How did you choose your writing staff for this show, considering the elements involved with the genre — the sprawling worlds, the source book, etc?

CC: The job of putting together a writing staff is always something that I think of as akin to assembling an orchestra. You need to find people who have different voices but who all can harmonize together and create a single sound. So, first and foremost, I was very happy that Chuck Hogan wanted to engage not just as the co-writer of the books, but also as a writer on the show.

And so having Chuck on staff has been a hugely wonderful thing. I hired these two wonderful writers from Battlestar Galactica  –David Weddle and Brad Thompson — and then I hired Regina Corrado, who was on Deadwood and Sons of Anarchy, and Jennifer Hutchinson, who was on Breaking Bad, and a wonderful young writer named Jason Brigg Gibson. We had this wonderful combination of different voices and writers with different interests, all of whom, I think, brought something really unique to the very complicated and arduous process of adapting a book into a brand new creation as a show. There’s lots of new stuff in the show, there are new characters in the show, there are lots of new situations, and each of these writers really contributed to that process.

GDT: I think that in this, I completely rely on Carlton. When the charge of a showrunner is applied, you know who’s running the show, and Carlton has the experience and the knowledge and the capacity to cast the writers’ room in the way that he thinks is appropriate for the show. We jibe, we veto ideas and so forth, but ultimately, he’s the arbiter of how that part of the show goes and the direction the show takes and who gets to participate as a writer. I think we have a great sampler of different disciplines and different points of view into the story that he needs to orchestrate into something seamless.

Published in 2009, "The Strain" was the first book in what became known as "The Strain Trilogy." The final two books were "The Fall" and "The Night Eternal."

Published in 2009, “The Strain” was the first book in what became known as “The Strain Trilogy.” The final two books were “The Fall” and “The Night Eternal.”

I wanted to ask you about Lance Henriksen’s participation in this, because I think it’s very creative. I want to hear, just from Guillermo, how did you woo Lance? You are obviously a friend of his, but can you talk a little bit about Lance and as well as the creature design, because this isn’t the first time you’ve tread down the vampire path, Guillermo.

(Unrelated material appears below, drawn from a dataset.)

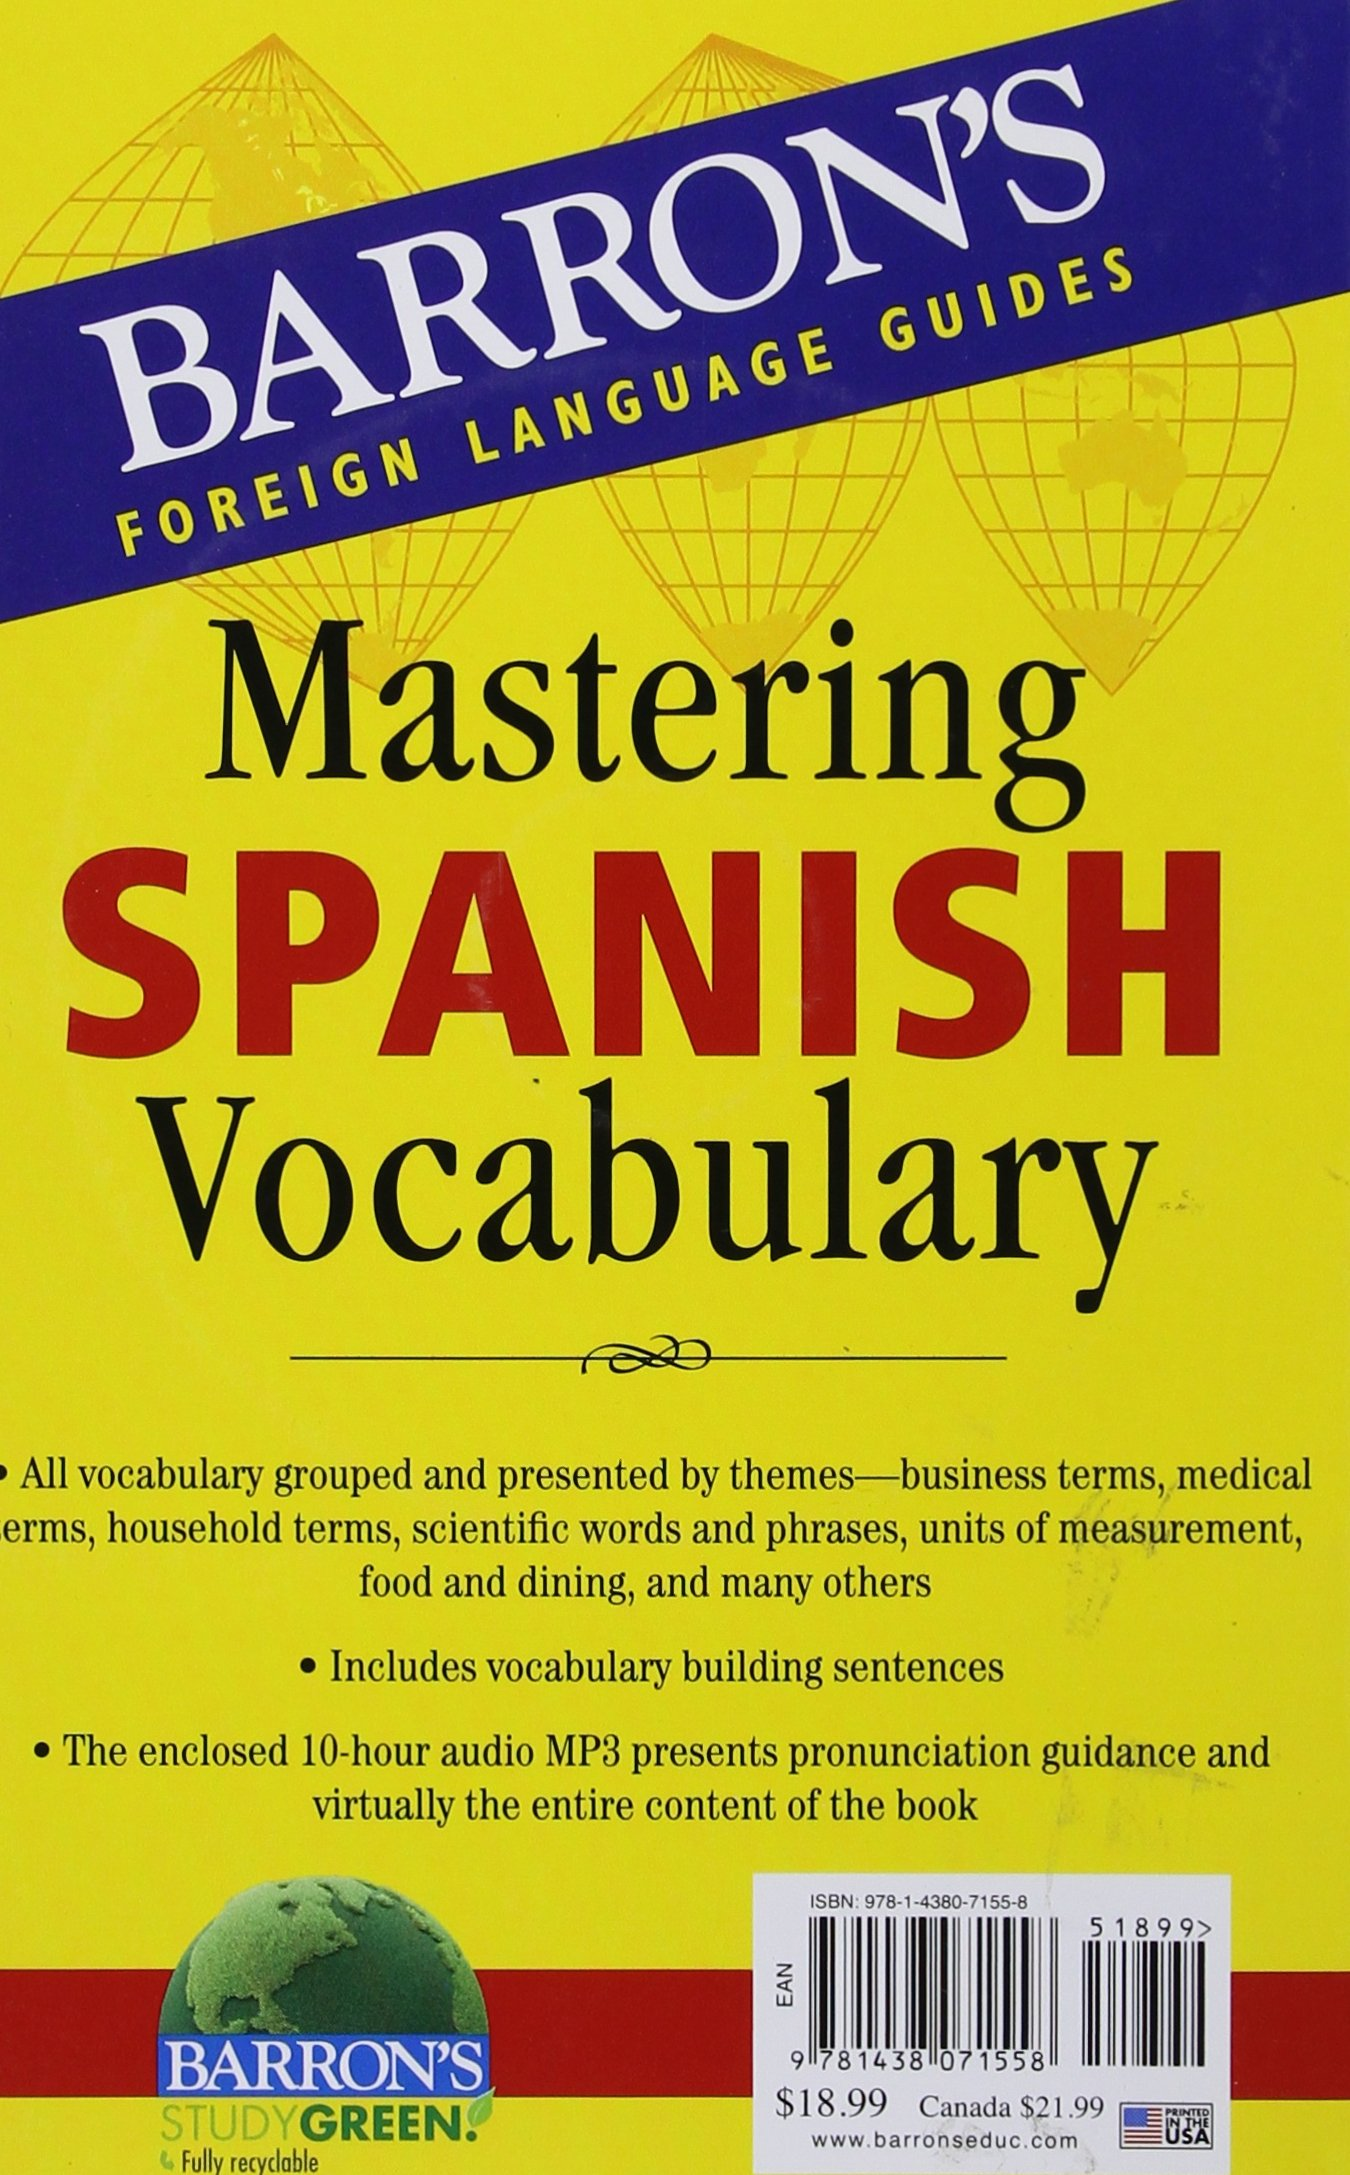 Amazon.com: Mastering Spanish Vocabulary with Audio MP3 (Barron's  Vocabulary Series) (9781438071558): Jose Maria Navarro, Axel J. Navarro  Ramil: Books

GDT: Yes. The thing that we know is that The Master, the character, encompasses many voices, so he’s a character made of many voices over the centuries. He overtakes bodies and he stays alive that way. So we wanted to meld several voices, and one of the voices that we wanted to use was Lance, because of its power and authority and the way it sounds, and then mix it with other voices as the base for The Master’s voice, for the authority and the power it has.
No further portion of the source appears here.